Research Article
Volume 1 Issue 1 - 2018
Assessing Fluid Responsiveness by Stroke Volume Variation during One-Lung Ventilation
Sakshi Arora*
Department of Analgesia and Anesthesia, Delhi, India
*Corresponding Author: Sakshi Arora, Department of Analgesia and Anesthesia, Delhi, India.
Received: February 21, 2018; Published: April 18, 2018
Introduction
Intravascular volume status has traditionally been measured with observation of heart rate; mean arterial pressure, urine output and other hemodynamic variables. However, these parameters are known to lack sensitivity & objectivity and it is sometimes difficult to assess fluid shifts from central to peripheral compartment. Thus, this study was designed to evaluate an accurate functional hemodynamic parameter for assessment of fluid requirement. The ideal indicator for fluid responsiveness should be accurate, simple, minimally invasive, not influenced by cofactors and with minimal complication rate. In the present study, we tried to establish the accuracy of one such variable i.e. Stroke Volume Variation (SVV) with the help of minimally invasive Pulse contour Analyser (Edwards Vigileo FloTrac monitor).
Aims and Objectives
The aim of the study is to ascertain whether the stroke volume variation and cardiac index can serve as a predictor for adequate fluid replacement in mechanically ventilated patients during one lung ventilation. The objective would be to study stroke volume variation before and after significant blood loss and after adequate replacement with plasma expander.
Materials and Methods
After obtaining institutional Research Ethical Committee Approval and informed patient consent, a randomized study was conducted at tertiary care hospital.
 Equipment Details
V1GILEO Monitor (EDWARDS VIGILEO SN: VLOO 3786) monitor that measures cardiac function parameter based on Pulse Contour Analysis and requires arterial cannula insertion was used for the study. Apart from measuring the invasive intra-arterial BP it computes the pulse contour to analyze the cardiac output. The monitor has a number of advantages.
  1. Is less invasive 
  2. Continuously computes SV from patient’s arterial pressure signal.

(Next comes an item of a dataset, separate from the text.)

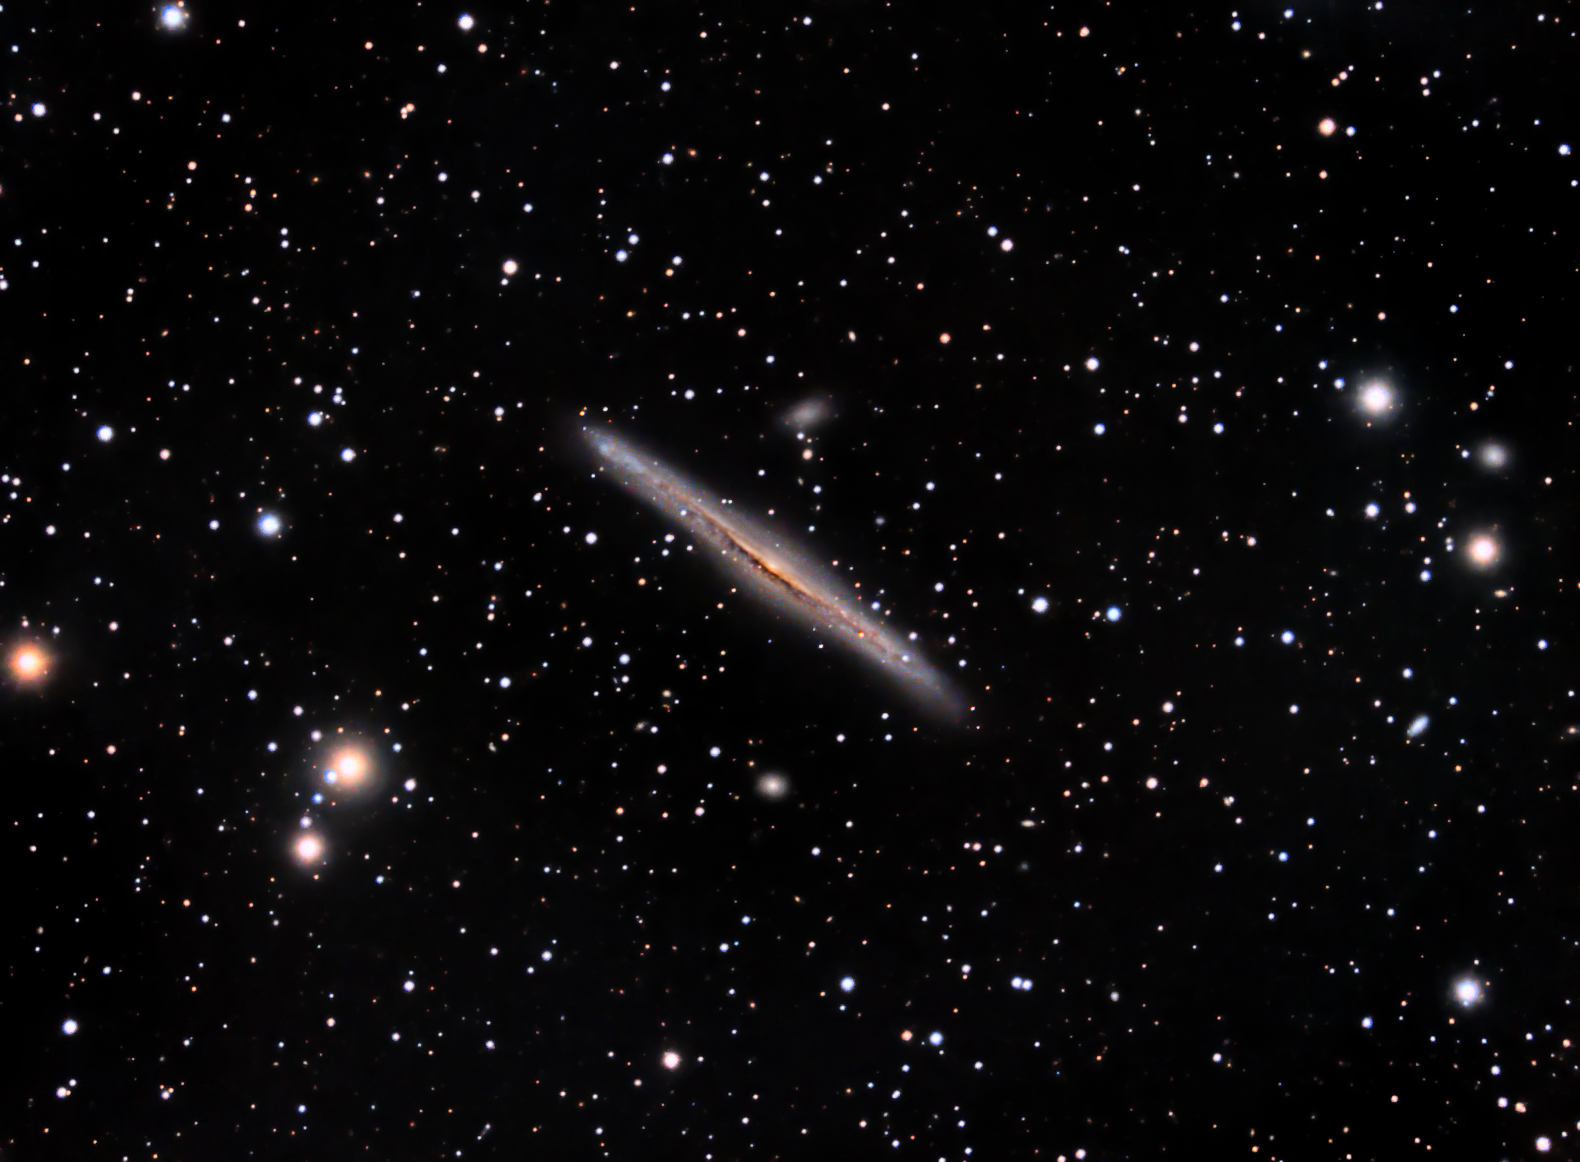 Edge On Spiral Galaxy NGC 5170

  3. Displays key hemodynamic parameters on a continuous basis (every 20 sec).
  4. Requires no manual calibration
  5. Has rapid set up and applications
  6. Is easy to use
The user has to enter patients' age, gender, height and weight to initiate the monitoring. Advance wave form analysis compensates for patient to patient difference in vasculature; real time changes in vascular tone; differing arterial site. However, care must be taken to avoid dampening, kinking lines, and leveling of sensor. The combination of the FlowTrac sensor & Presep oximetery catheter provides a comprehensive continuous view of patient’s balance between oxygen delivery and consumption in a minimally invasive, easy to use platform. The FlowTrac sensor is a less invasive hemodynamic monitoring device that, when used with Vigileo monitor measures CCO through any existing arterial pressure line. The Vigileo monitor uses the patient’s existing arterial pressure waveform to continuously measure CO.

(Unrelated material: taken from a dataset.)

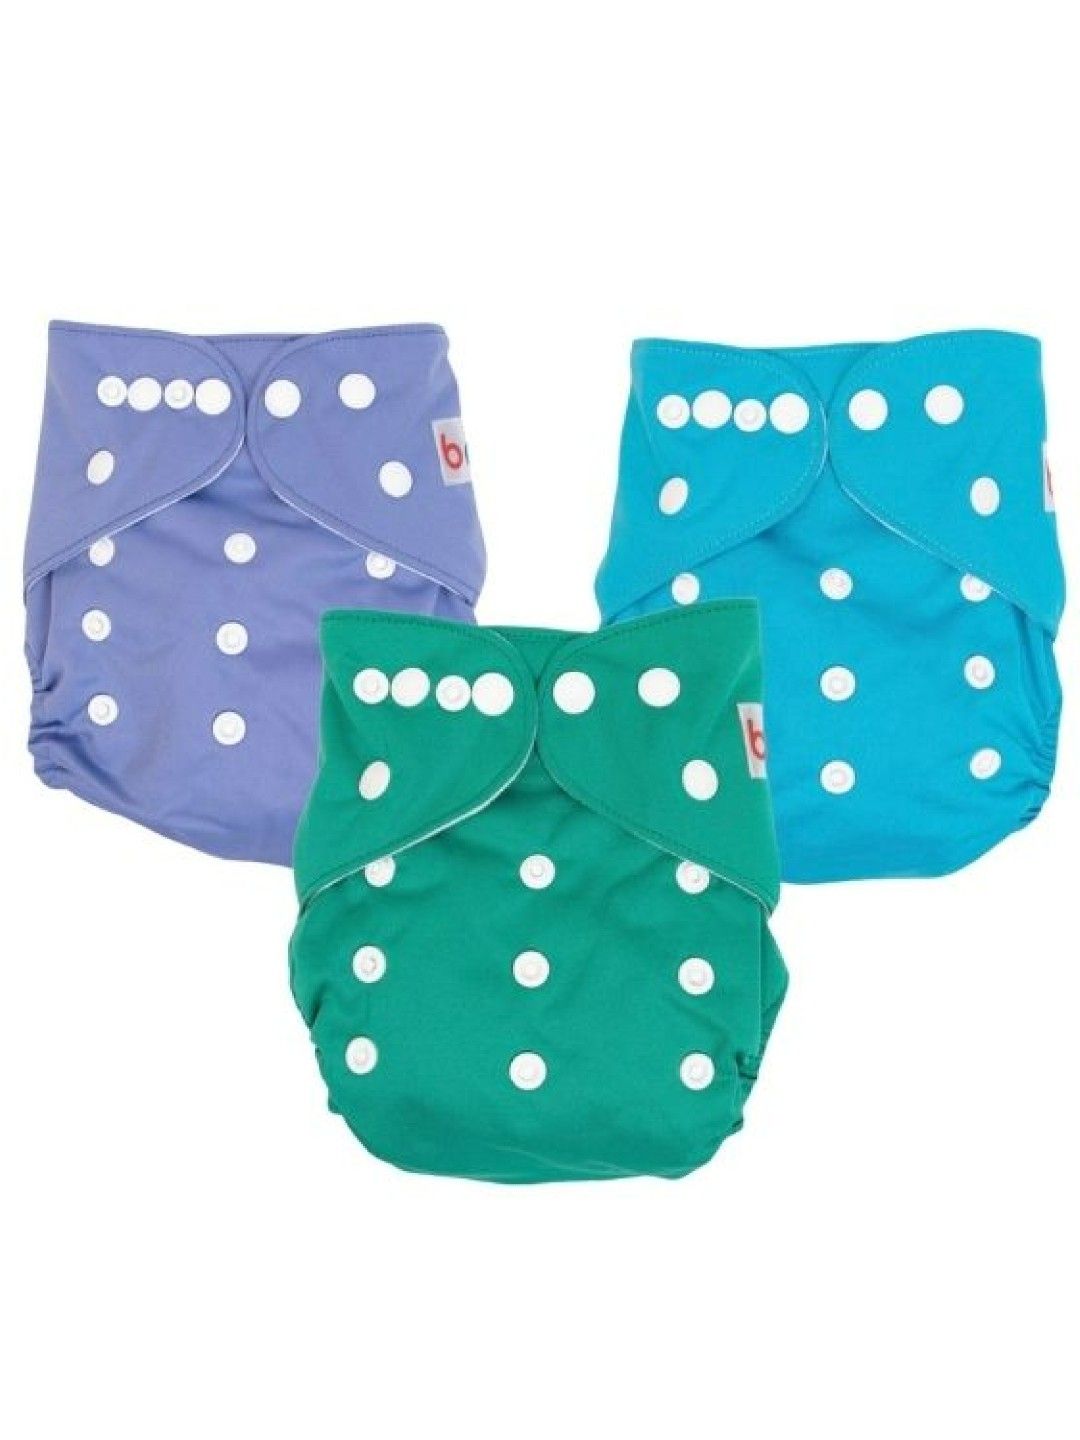 bean fashion Snappies Basic Gear Cloth Diaper (Set of 3)

FlowTrac sensor measures the variations of arterial pressure which is proportional to SV. A robust algorithm compensates for individual patient’s vessel compliance and changes in vascular tone, there by not requiring any external calibration. CO is displayed on a continuous basis by multiplying the pulse rate and calculated SV as determined form pressure waveform. For the FlowTrac sensor to accurately report CO one must zero the arterial pressure reading on Vigileo monitor and the bed side monitor. The monitor comprises of a sensor, processing and display unit.
Sensor: the specially designed sensor provides the high fidelity arterial pressure signal required by the monitor to calculate the stoke volume. It is a transducer that preprocesses and sends signal to Vigileo monitor. 

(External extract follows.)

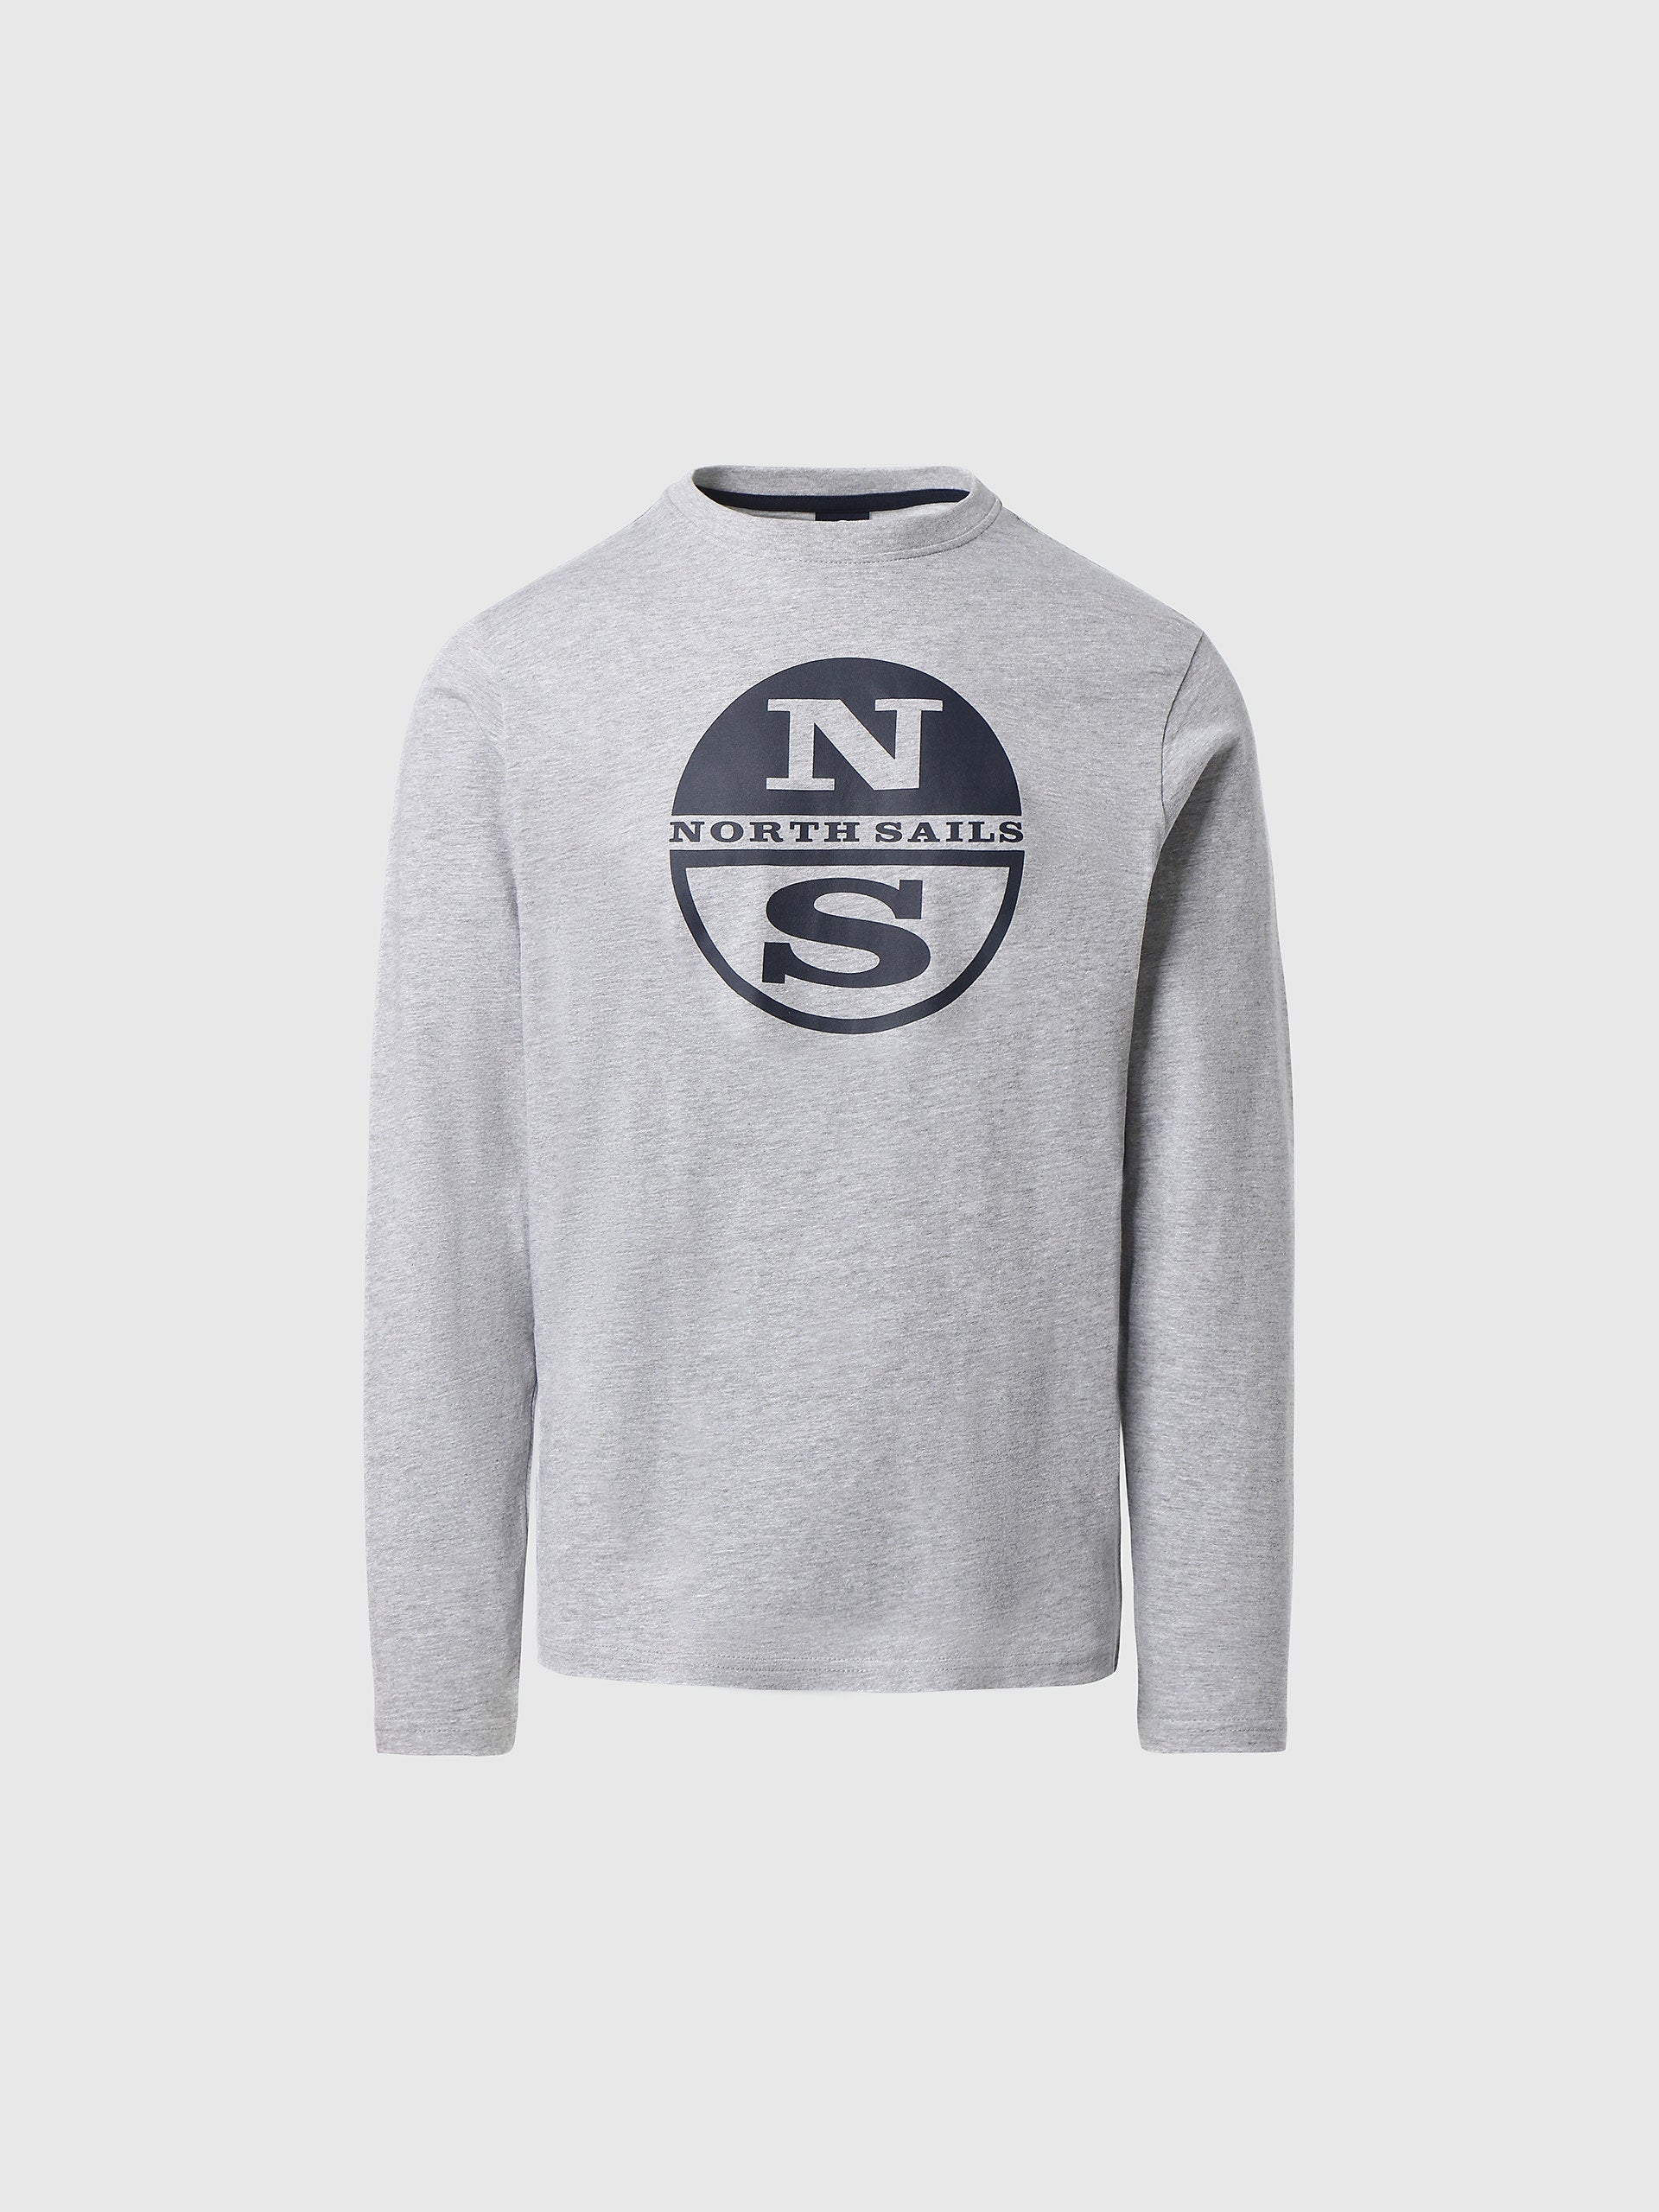 North Sails - Organic jersey T-shirtNorth SailsMedium grey melangeXL

Processing Unit: It applies proprietary algorithm to digitalized wave and reports cardiac output, cardiac index, stroke volume variation and stroke volume index. SVR can be calculated if the value of CVP is fed into the system
Methodology
30 patients of either sex, aged 25-75yrs belonging to ASA grade I- III scheduled for thoracotomies requiring one lung ventilation were included in the study.
 Exclusion Criteria
  1. Patients with left ventricular ejection fraction <0.35
  2. Patient with hemoglobin< 12.0gm%
  3. Patients with history of arrhythmias
The preoperative assessment included a detailed pulmonary function analysis, cardiac and neurological analysis.
Study Group: The group comprised of 30 patients. Hemodynamic parameters of all patients were determined at five points (T0, T1, T2, T3 T4)
(T0) Prior to opening chest in supine position
(T1) Prior to opening chest in lateral position
(T2) After opening chest
(T3) After 500ml of blood loss
(T4) After supplementation with 500ml of voluven
Control Group: In the study all the patients served as their own control and hemodynamic measurements taken at T1 (before opening chest) and 15 minutes after opening chest (T2) served as the control group. During this interval no surgical manipulation was performed.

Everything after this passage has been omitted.